会長就任挨拶

大平 義隆(北海学園大学)

工業経営研究学会会員の皆様、北海学園大学経営学部の大平義隆と申します。工業経営研究学会12期理事会の第1回が2021年9月9日にZOOMで開催され、学会長を仰せつかりました。ここで、学会長就任のご挨拶として、学会に対する私の理解をお示しし、学会発展のためのご協力を皆様にお願いしたいと思います。

初めに、工業経営研究学会についてです。この学会は1986年に田杉競先生の呼びかけで発足した、我が国の学会の一つであって、モノづくりに関する企業活動を研究対象にする学会です。戦後、重化学工業化の成功で高度経済成長を成し遂げました。その背景は、欧米と異なる制度、すなわち三種の神器(終身雇用、年功制、企業内組合)だといわれています。オイルショック後、低コスト高品質化、ME化で低経済成長を成し遂げました。その背景はQCサークル、改善活動、多能工化、チーム作業方式、JITなどの生産システムの弾力性によるものでした1)。この学会は、こうした中で発足します。生産システムと弾力性、モノづくりのシステムとそれを支える人間のシステム、即ちモノづくりに関する企業活動、これを研究対象にする学会だと理解しています。私は、上記の「弾力性」「それを支える人間のシステム」「関する企業活動」に興味2)を惹かれ1989年大会3)からこの学会に参加しているバーナディアンです。
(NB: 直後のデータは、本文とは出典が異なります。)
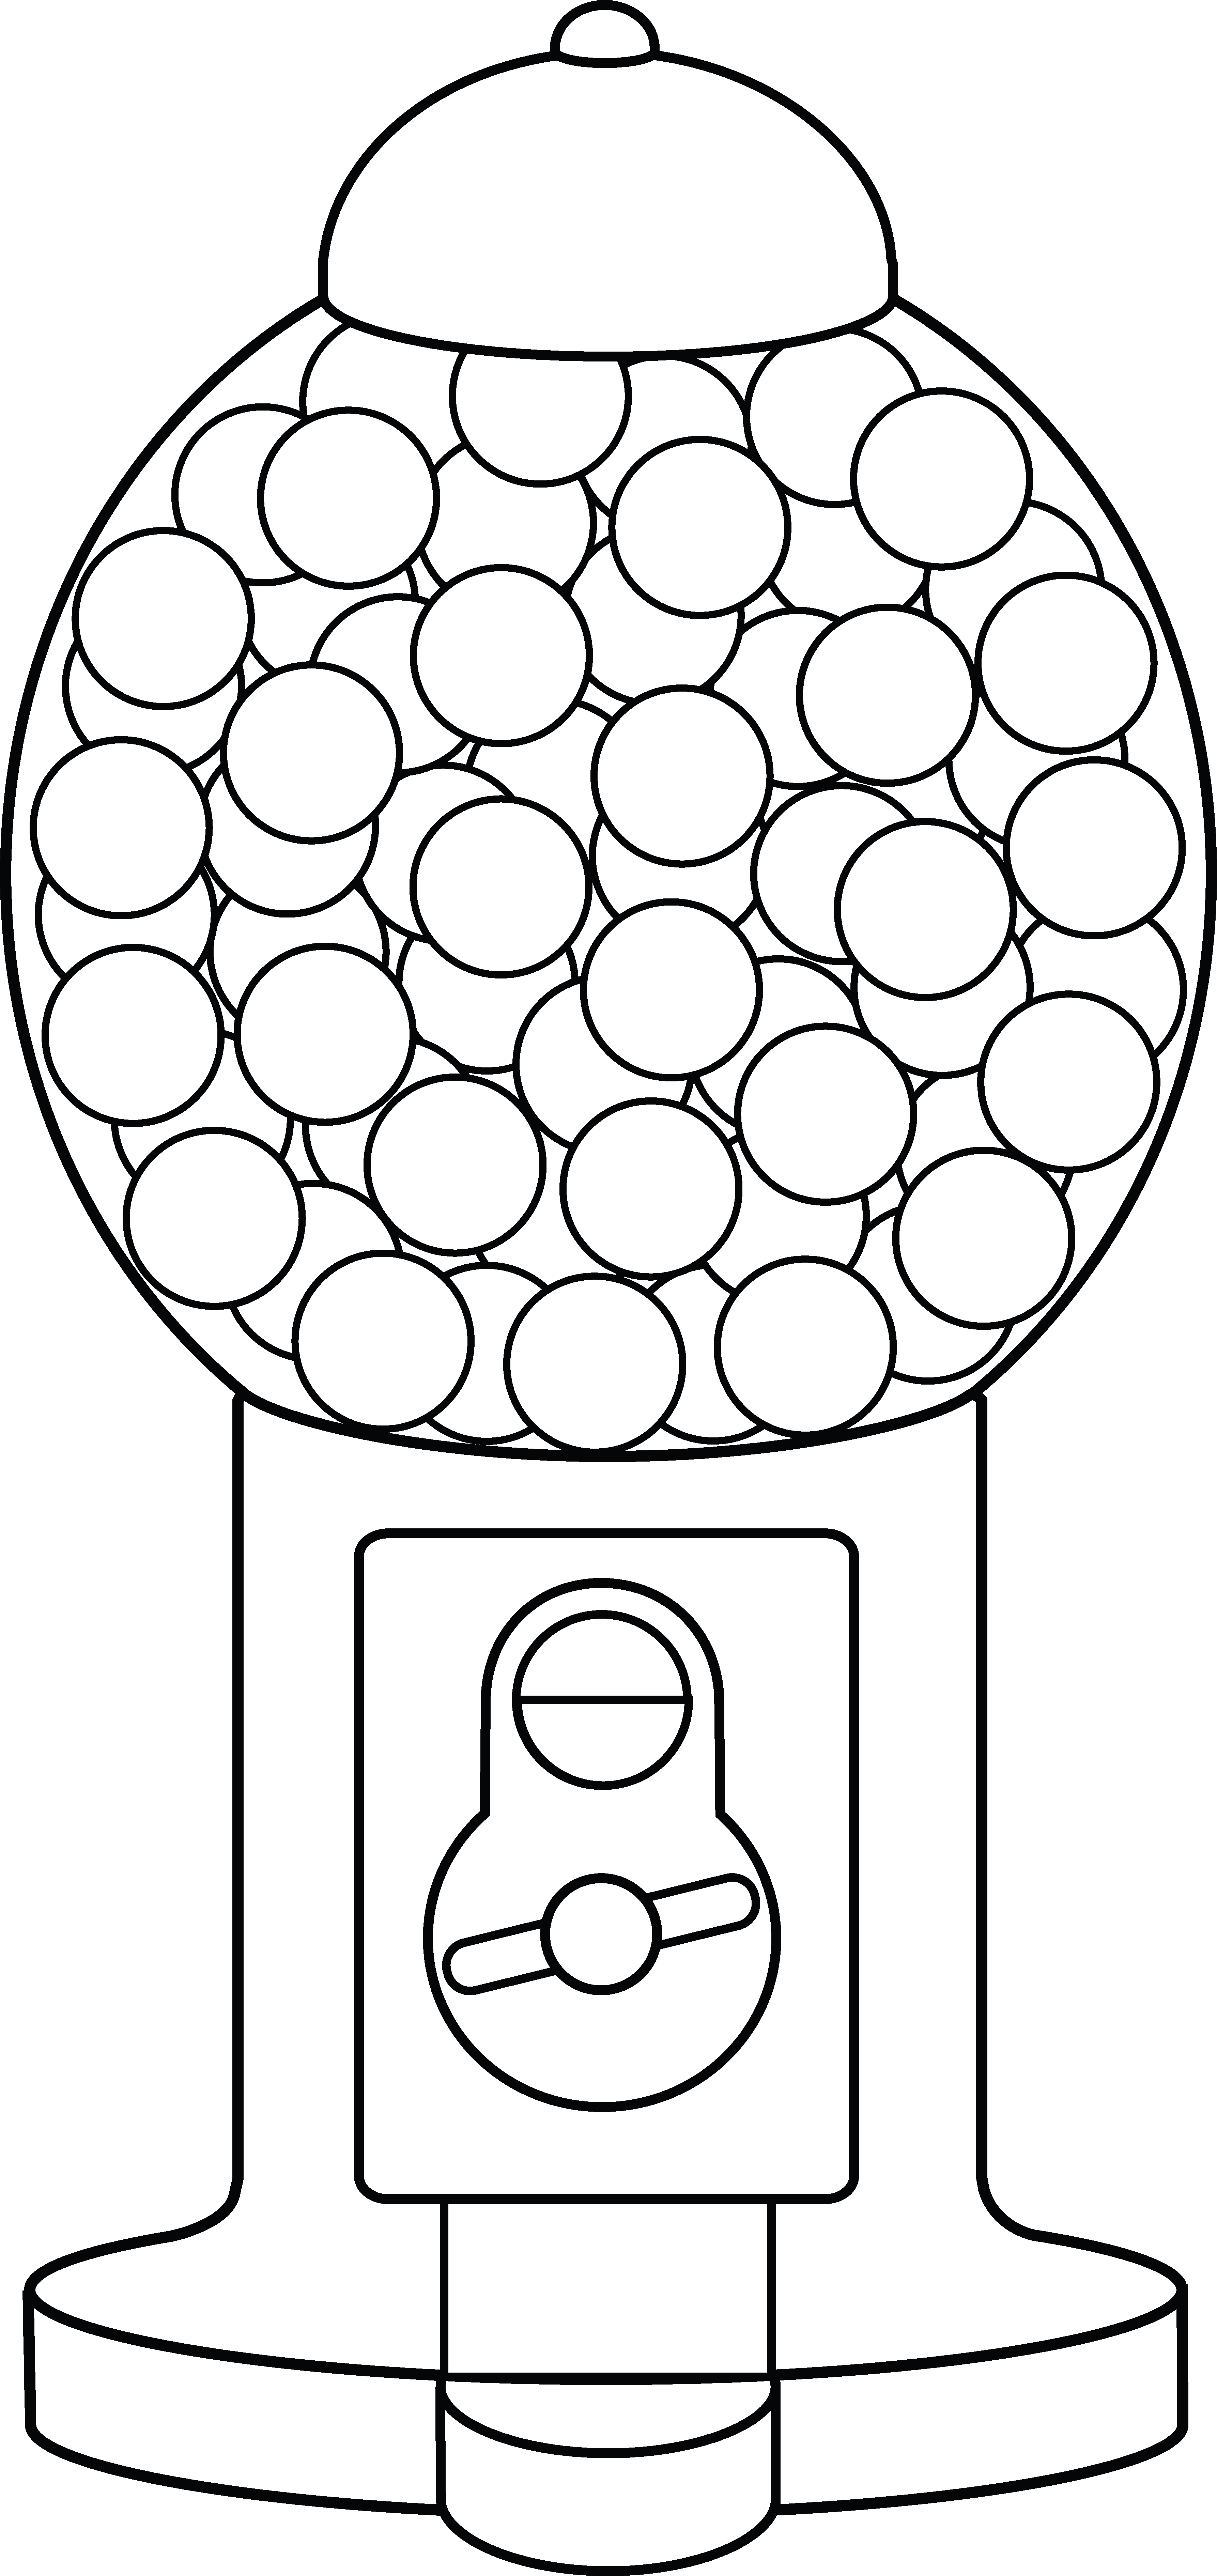 Gumball Machine Coloring Page - Free Clip Art | Candy coloring pages, Coloring  pages, Coloring books

さて、工業経営研究の課題についてです。その後、バブル崩壊を機に日本的という言葉が消えていきます。生産システムやモノづくりのシステムでは、モジュール化、標準化、オープン化といったビジネスモデルが議論されてきました。弾力性や支える人間システムでは、働き方改革の対象となり、標準的な雇用制度が志向されています。ところがこうした変更には違和感を覚えます。工業経営研究で感じる違和感は、これと同じことではないでしょうか。我々が注目すべきはこの違和感ではないでしょうか。なぜ違和感が生じるのか、何を見落としているのか、なぜ放置してきているのか、これまで通り、地道な研究を積み上げましょう。

次に、工業経営研究学会の魅力です。魅力を述べるのは、会員の皆様に学会のお仲間を増やす働きをしていただくためです。第1に日本の経営の中心にあるモノづくりに関する企業活動を研究対象にする学会であることです。それゆえに、大きな責任があるところが魅力となるはずです。同時に、それを感じ取った人たちが集うところが魅力を膨らませています。第2に技術と理論の調和、現場主義の理念です。調和は理事会が東西で交換されるたび技術と理論が現れます。また、大会ごとに工場の現場見学が用意され、様々な工夫とともに現場に近い学会でいることができています。第3に国際的な活動をしていることです。会員すべてが参加できるグローバル研究分科会は海外企業の現場視察を30年近く毎年続けています。また数年に1度の海外開催は本学会の大きな特徴です。第4に年2回発行される、質の高い論文審査に支えられた学会誌があります。さらに質を高めるために、多くの会員に皆様には学会誌への投稿をお願いします。第5に優秀な研究を奨励する仕組みがあります。私は台湾東海大学の劉先生と、第1回の奨励賞を受賞し、本当にうれしく、その後の研究の支えになりました。こうした思いを広げるべく、研究奨励の仕組みを工夫していきます。

最後に、これまで特別に4年間コロナ下での困難なかじ取りしながら、モノづくり経営の研究を大きく前に進められた廣瀬会長と11期の理事会の皆様に心からの感謝を申し上げます。今後3年間、私と理事会の役員は、会員の皆様に有意義なサービスを提供し、かつ学会の成果が最大となるように、全理事会と気持ちをつなげながら努力してまいります。どうぞよろしくお願いします。

参照
1)風間(2017)の歴史的解釈を参考にさせていただきました
2)大平(2017)により詳しく興味のあり方が示されています。
3)1989年大会は関東地方で初めて、早稲田大学で大平金一先生を実行委員長として開催されました。
参考文献
風間信隆(2017)「工業経営研究の歩みと新たな課題」工業経営研究学会編『変革期のモノづくり革新』中央経済社。
大平義隆(2017)「我が国工業部門の経営管理における文化差の解釈」、工業経営研究学会編『変革期のモノづくり革新』中央経済社。
田口直樹(2017)「日本のモノづくり技術の再評価と技術競争力再評価の課題」、工業経営研究学会編『変革期のモノづくり革新』中央経済社。